■ **Work order**: A word-for-word copy of the following listing is needed. Leave out its images.

■ **Data section**:

= Beginning of Section =

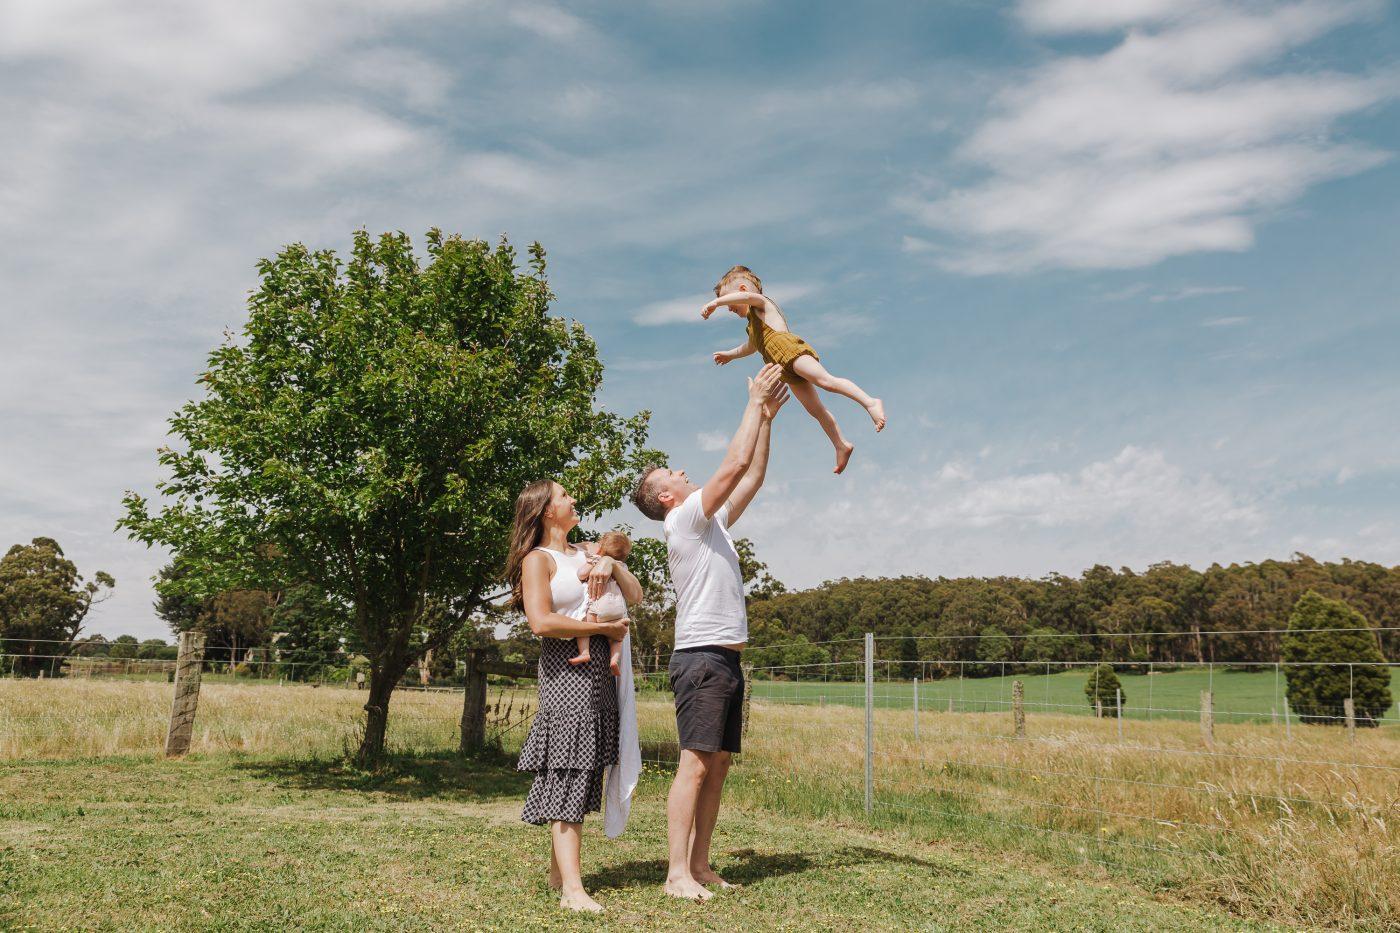 Photoshoot-Families-StewardFamily
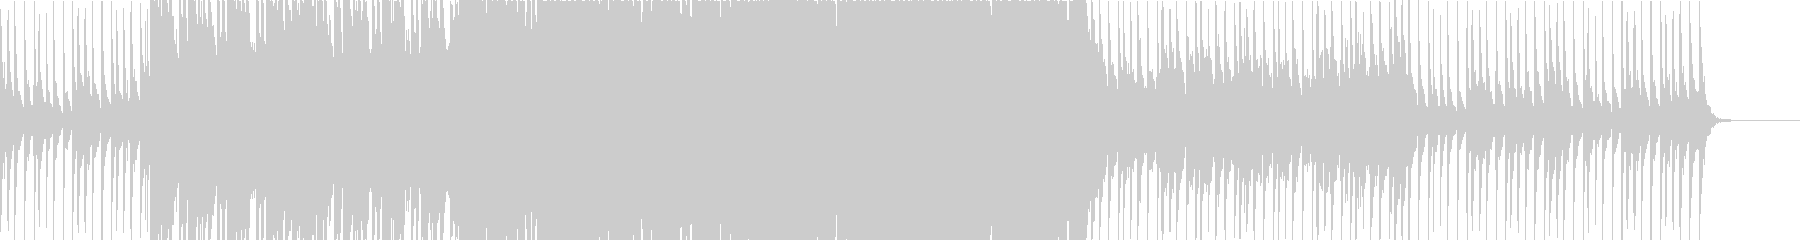 爽やか、軽快なトロピカルハウスの未再生の波形
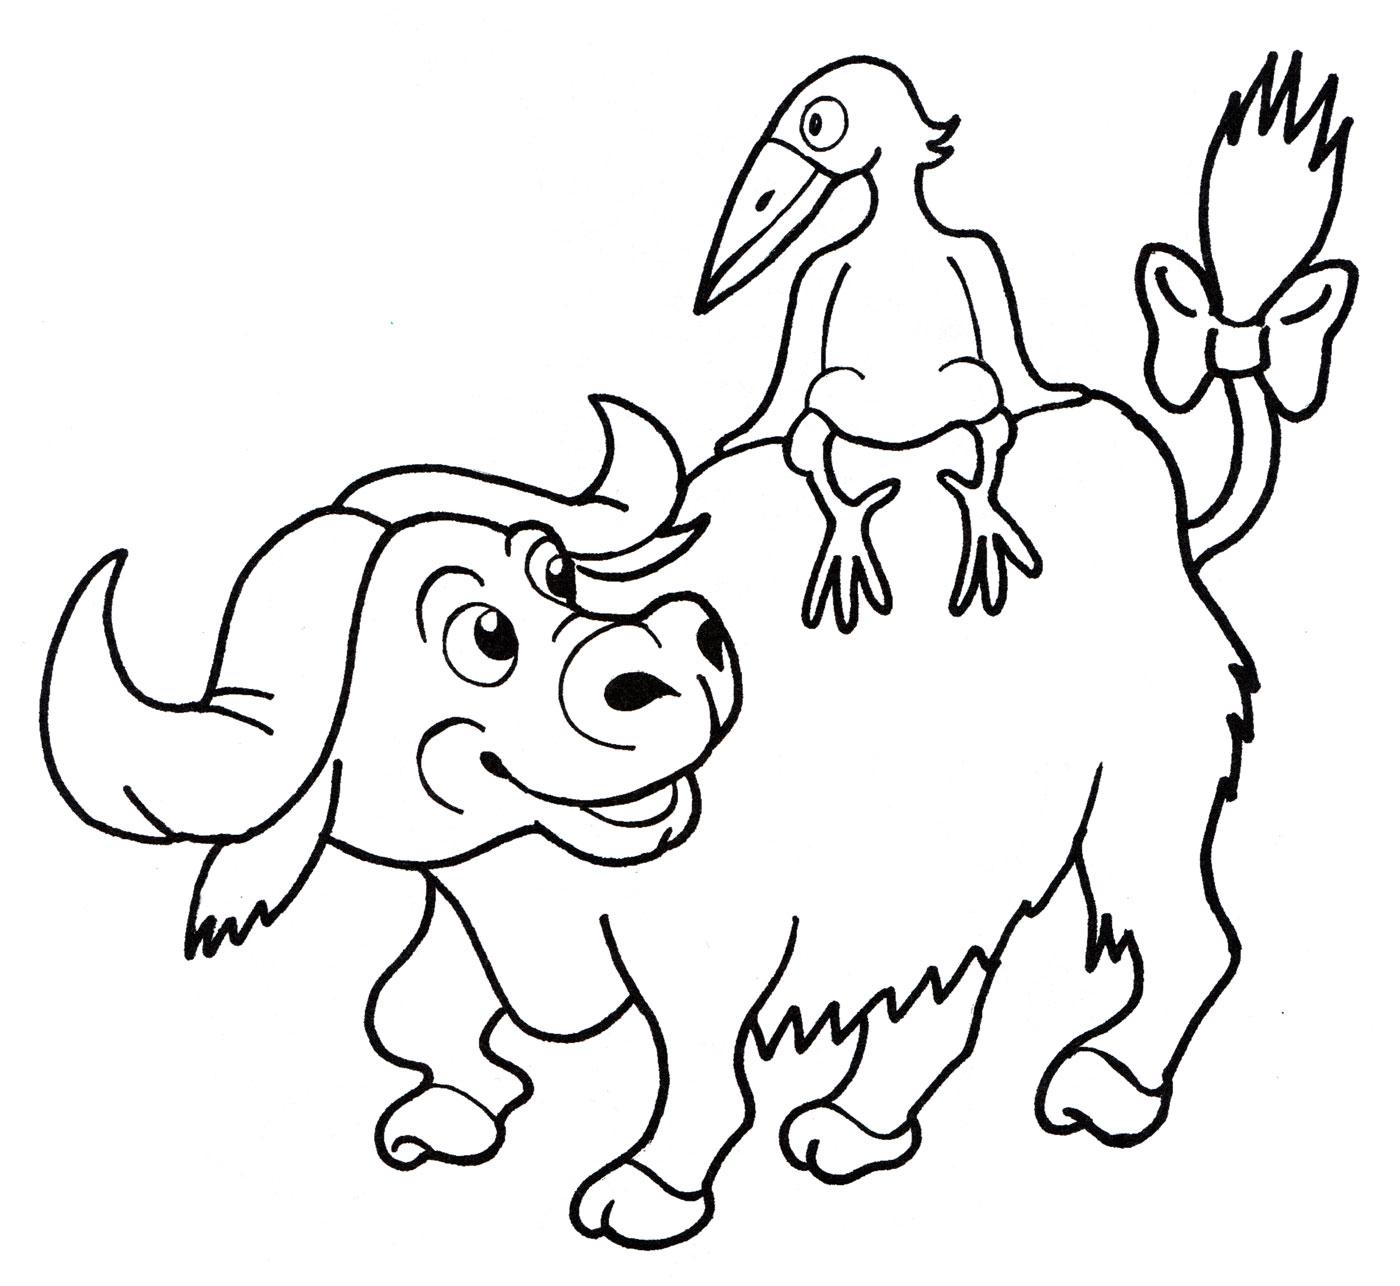 картинки раскрасок быков нло

= End of Section =

■ **Response area**:
 Photoshoot-Families-StewardFamily
 爽やか、軽快なトロピカルハウスの未再生の波形
 картинки раскрасок быков нло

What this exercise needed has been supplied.